Per valutare gli effetti sulla continuità aziendale, gli autori confrontano le unità colpite con gruppi di imprese simili per settore, regione, numero di dipendenti ed età. Nell’intero campione InfoCamere, la probabilità che un’unità produttiva continui a essere presente l’anno successivo è pari mediamente al 92,1%. Dal confronto non emerge una differenza statisticamente significativa tra le sedi coinvolte negli incendi e quelle comparabili non coinvolte. In altri termini, nel breve periodo gli incendi non sembrano aver aumentato in maniera apprezzabile la probabilità di cessazione dell’unità produttiva.
Questo risultato deve però essere interpretato con cautela. L’analisi copre soltanto il periodo 2021-2023 e considera la permanenza della singola unità nel Registro delle imprese, senza poter distinguere con certezza tra chiusura definitiva e trasferimento. Inoltre, il fatto che una sede si trovi all’interno del perimetro di un incendio non implica necessariamente che abbia subito danni materiali gravi.
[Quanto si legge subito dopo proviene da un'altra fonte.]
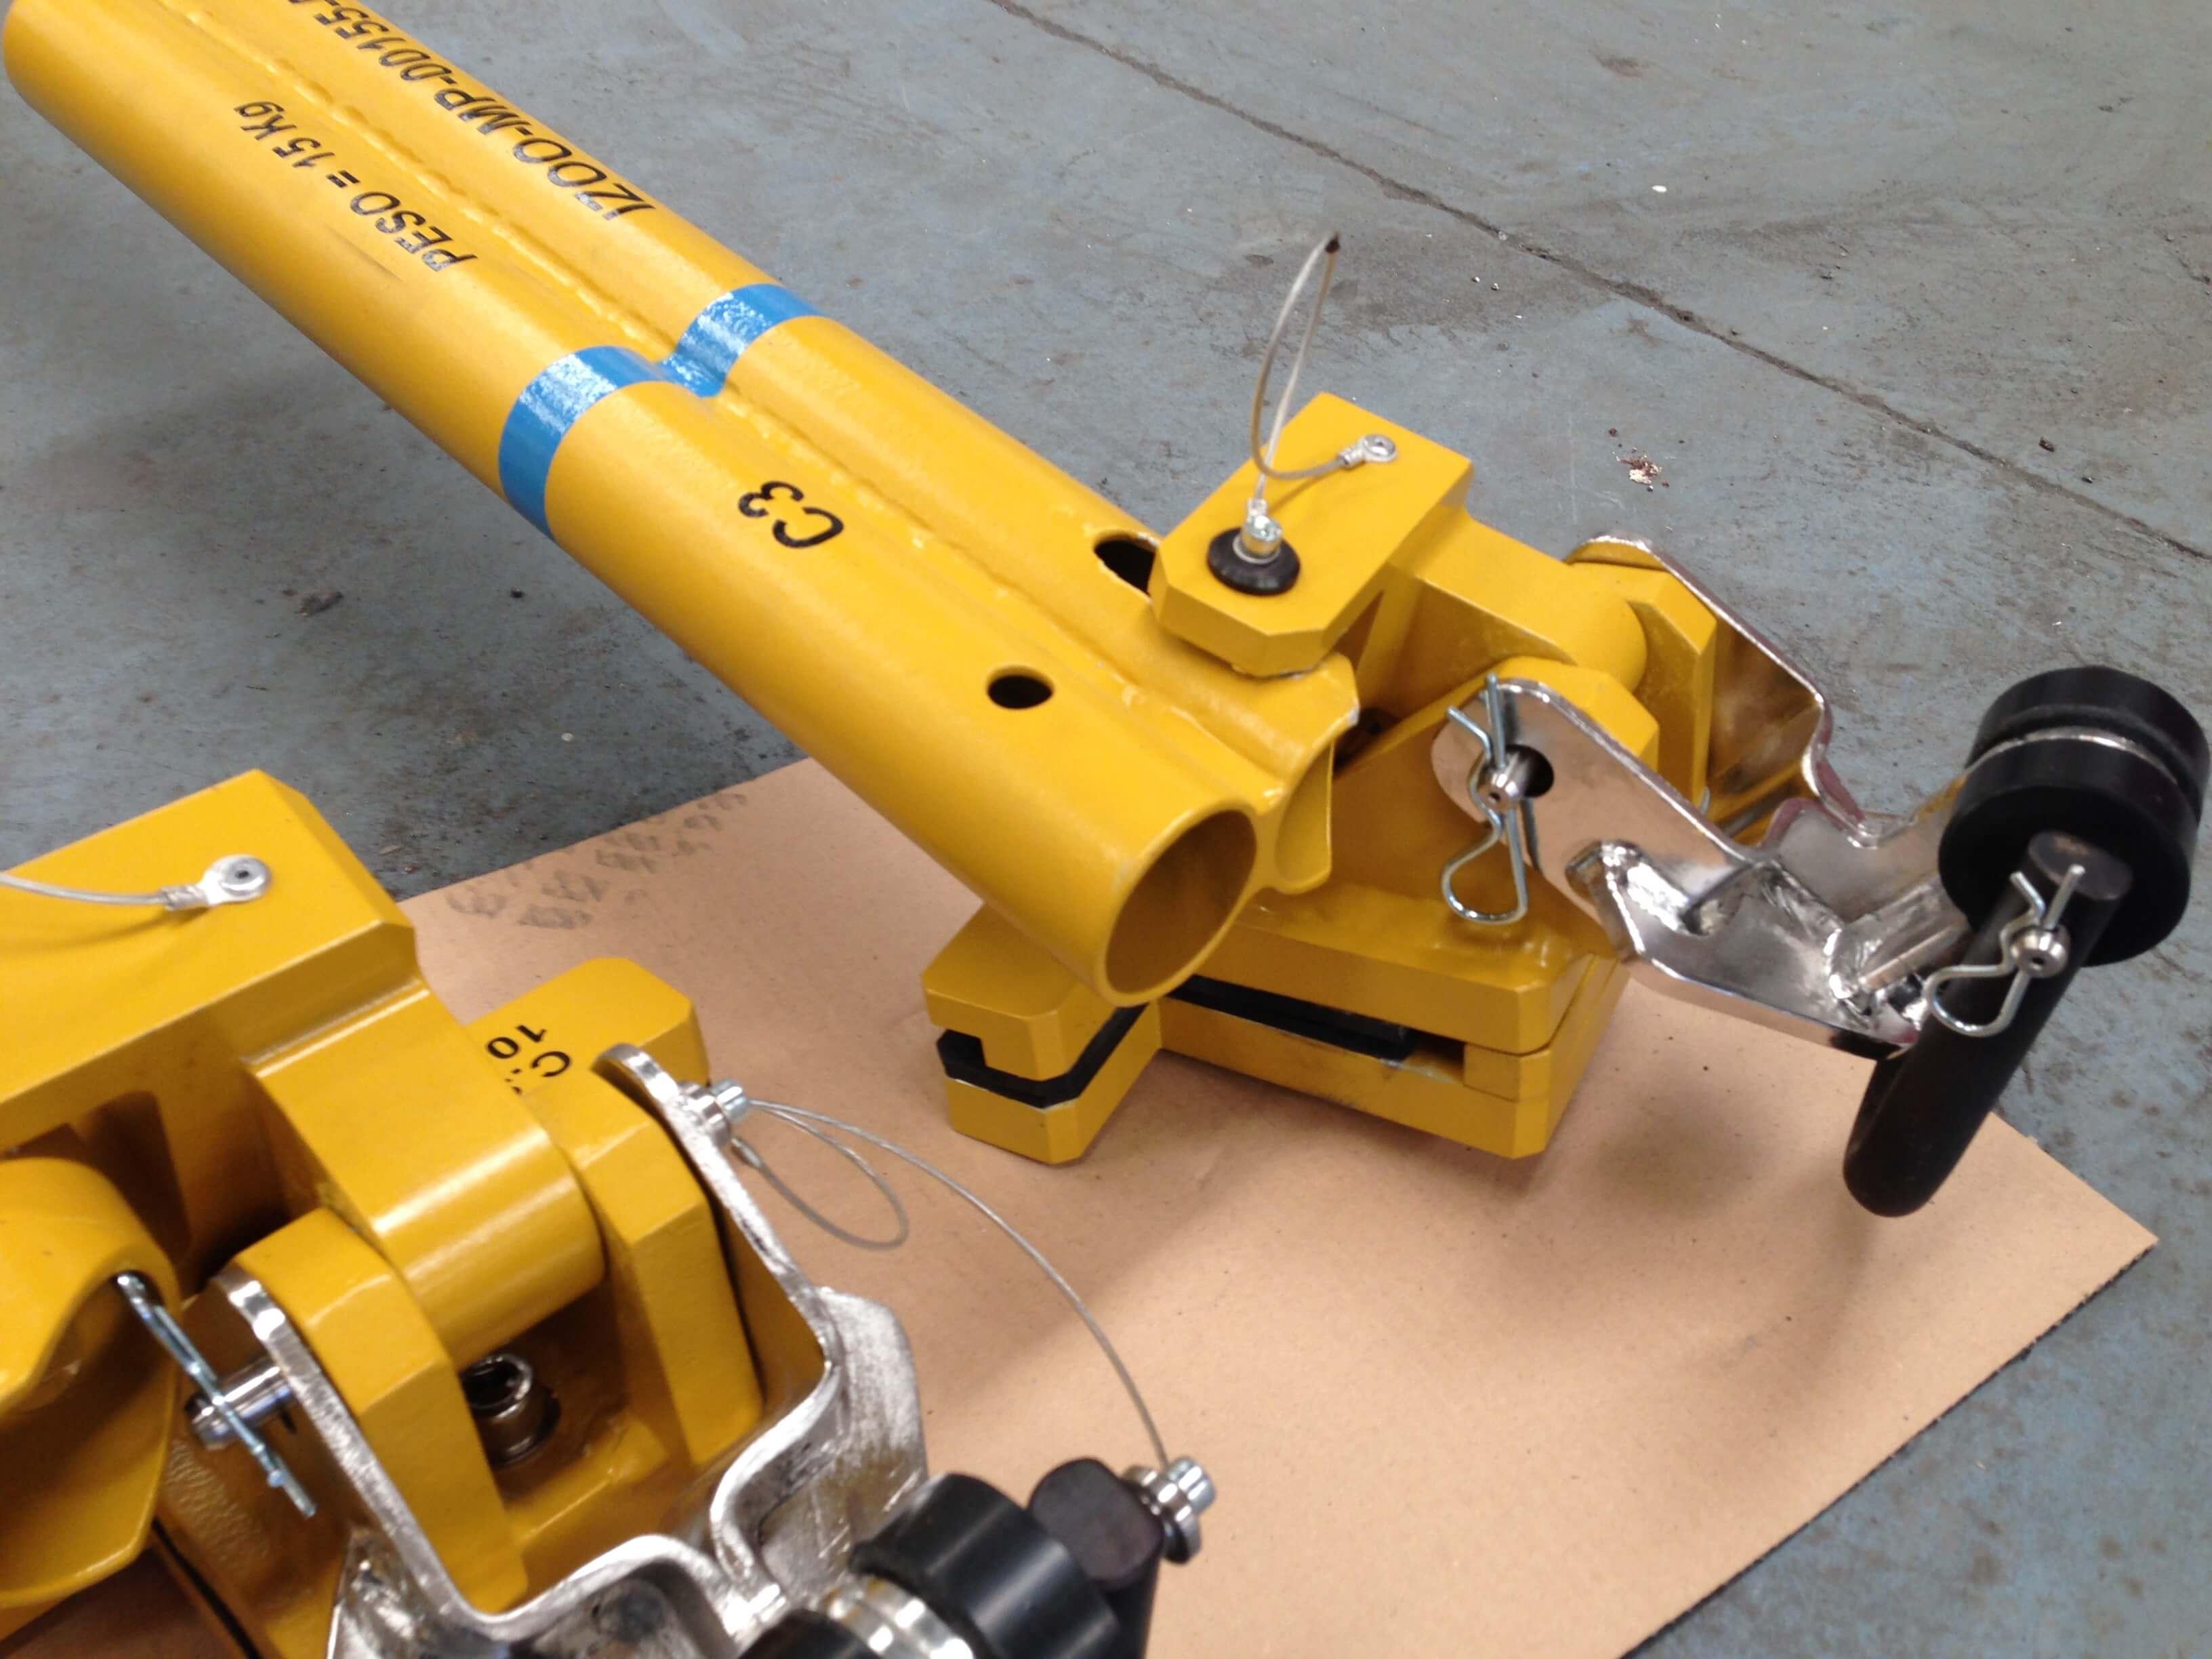 IMG 1126 1 1 - Lifting Tools

Potrebbero essersi verificati danni limitati, interruzioni temporanee o perdite economiche insufficienti a determinare la cessazione dell’attività. Per misurare adeguatamente gli effetti sarebbero necessari dati assicurativi, informazioni sui danni effettivamente liquidati e serie più lunghe relative a fatturato, redditività, occupazione e investimenti.
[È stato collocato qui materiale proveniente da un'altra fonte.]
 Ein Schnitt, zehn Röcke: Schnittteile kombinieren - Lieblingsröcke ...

La parte prospettica del documento stima infine come potrebbe cambiare l’esposizione in seguito al riscaldamento globale. Non essendo ancora disponibili mappe italiane del rischio aziendale costruite direttamente sui diversi scenari climatici, gli autori utilizzano come approssimazione le proiezioni europee relative alla popolazione esposta. Sulla base di questa metodologia, il numero di siti produttivi italiani a rischio potrebbe aumentare di circa il 3% nello scenario di aumento della temperatura globale di 1,5 °C e di circa l’11% nello scenario di aumento di 3 °C. Gli incrementi maggiori sarebbero concentrati in Puglia, Campania e Lazio.
Il rapporto sottolinea che l’aumento del rischio non sarebbe lineare. Passare da uno scenario di riscaldamento di 1,5 °C a uno di 3 °C non produce semplicemente un raddoppio dell’incremento dell’esposizione, ma una crescita molto più marcata. Ciò dipende dall’interazione tra temperature, siccità, umidità, vento, stato della vegetazione e durata delle stagioni favorevoli agli incendi.
La conclusione centrale è che l’esposizione complessiva delle imprese italiane agli incendi appare oggi quantitativamente circoscritta, ma è fortemente concentrata in specifici territori, settori e tipologie di attività economica. Una quota modesta di aziende può inoltre rappresentare una parte rilevante del capitale fisico e delle attività materiali del sistema produttivo. Per questo gli autori ritengono necessario integrare sistematicamente le mappe ad alta risoluzione nei sistemi di valutazione economica, finanziaria e territoriale, così da individuare le vulnerabilità con maggiore precisione e predisporre interventi di prevenzione e adattamento mirati.
Lo studio evidenzia anche un vuoto normativo: a differenza delle alluvioni, disciplinate a livello europeo dalla direttiva del 2007, non esiste un quadro europeo o italiano specificamente rivolto alla gestione del rischio di incendio nelle vicinanze degli insediamenti industriali e commerciali. Le future politiche dovrebbero pertanto considerare non soltanto la lotta agli incendi e la tutela forestale, ma anche la pianificazione territoriale delle attività produttive, la protezione degli impianti, la continuità operativa, la gestione assicurativa del rischio e le specifiche condizioni economiche e ambientali delle diverse regioni.